◆ WHAT YOU HAVE TO DO: Once the line holding "Handbook of Laser Wavelengths" is found in the listing below, write it out and each later line exactly, up to and including the one holding "11. Часовня - Парк".

◆ SUPPLIED INFORMATION:
━━━━━━━━━━━━━━━━━━━━

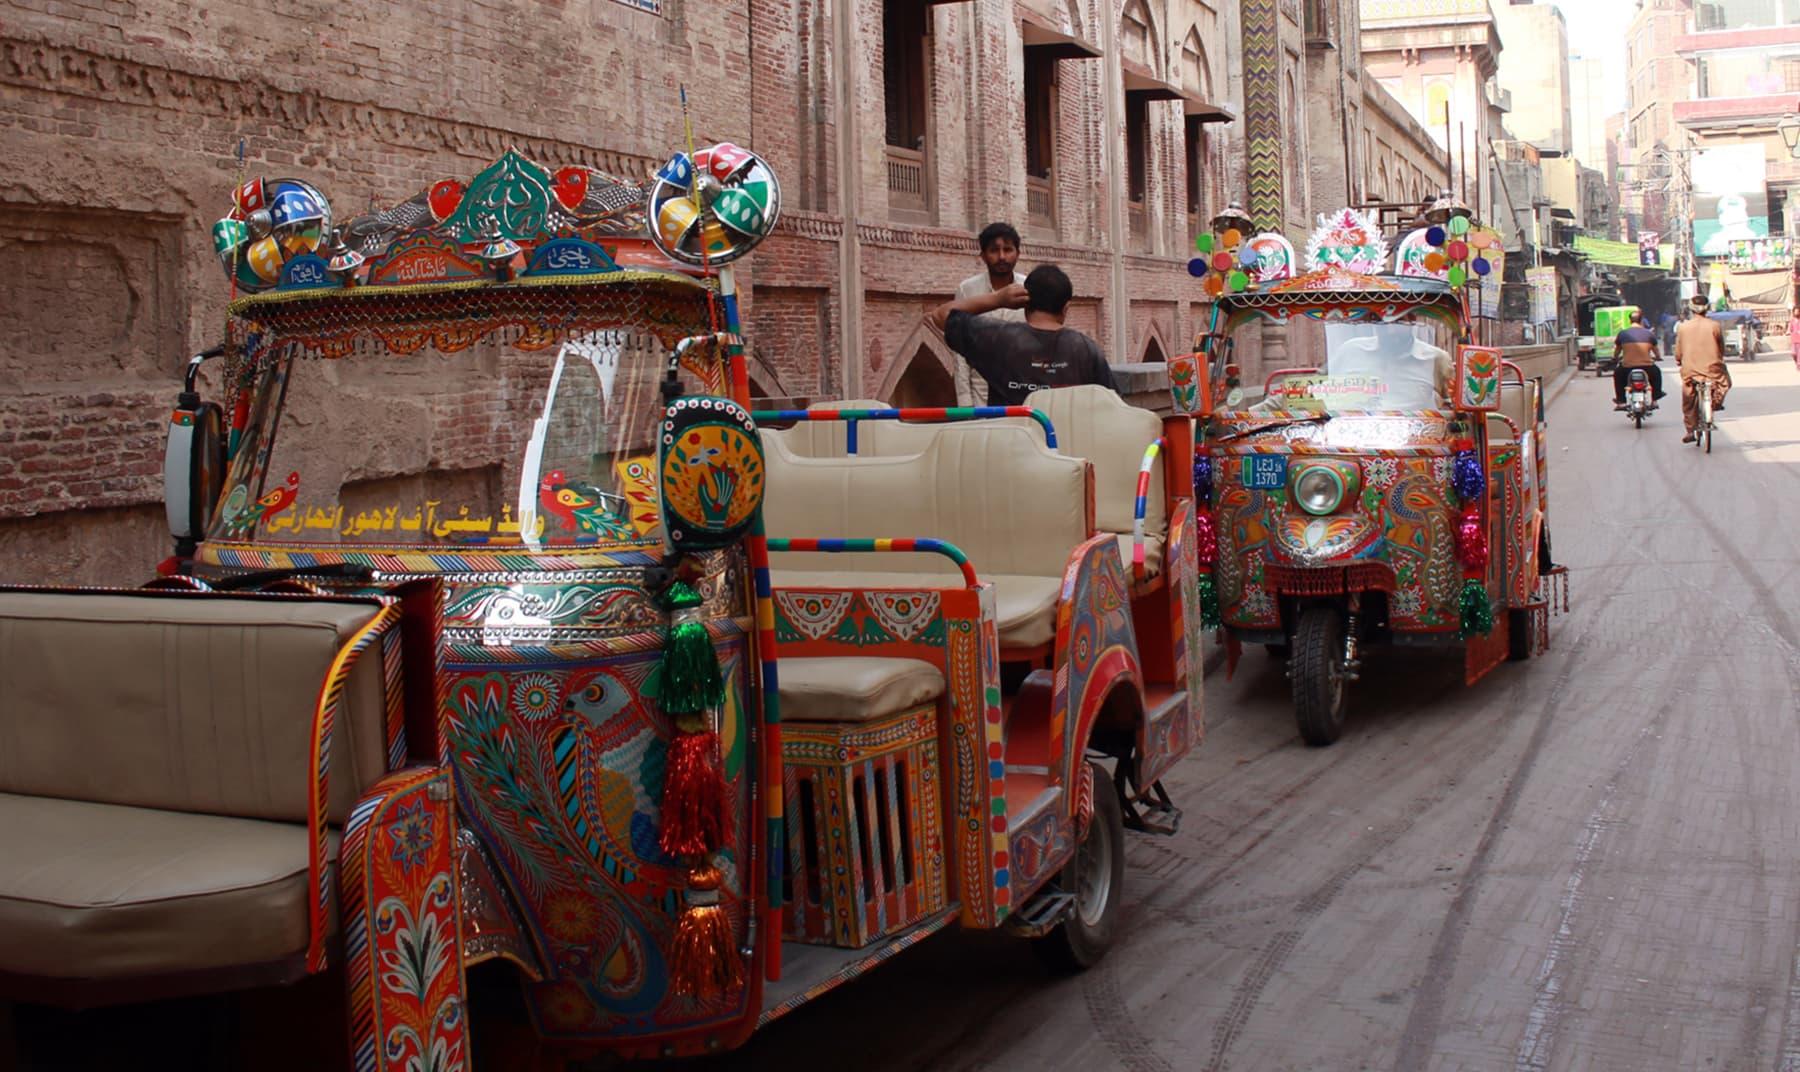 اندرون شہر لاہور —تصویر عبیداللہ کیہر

━━━━━━━━━━━━━━━━━━━━

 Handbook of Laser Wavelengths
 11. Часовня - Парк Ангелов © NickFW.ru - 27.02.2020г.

━━━━━━━━━━━━━━━━━━━━

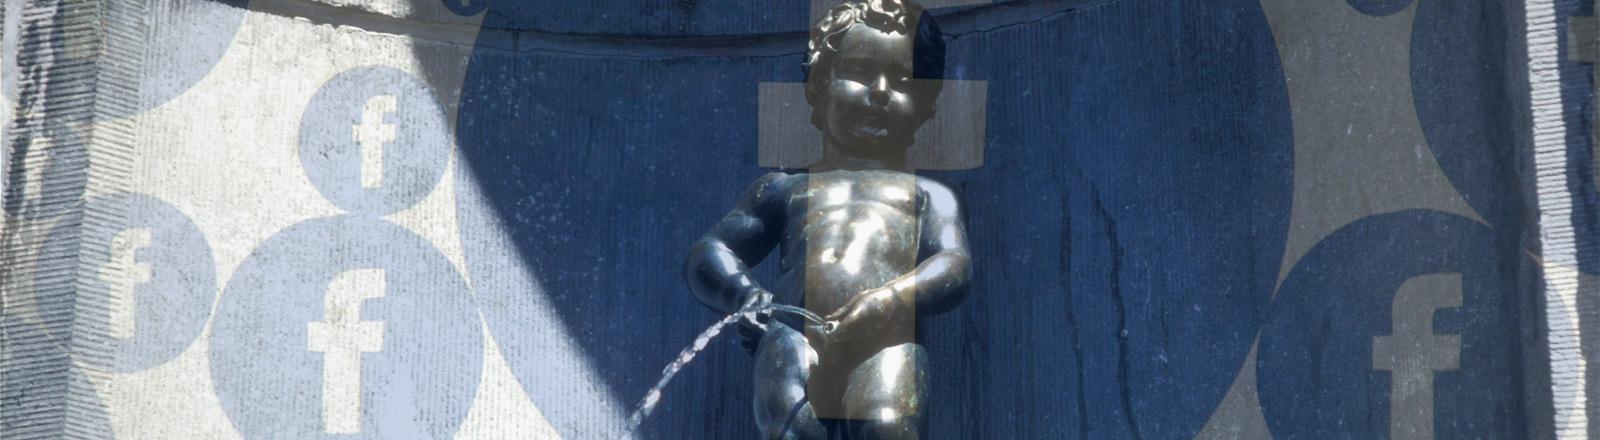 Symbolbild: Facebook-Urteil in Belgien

━━━━━━━━━━━━━━━━━━━━

◆ TASK RESULT:
 Handbook of Laser Wavelengths
 11. Часовня - Парк Ангелов © NickFW.ru - 27.02.2020г.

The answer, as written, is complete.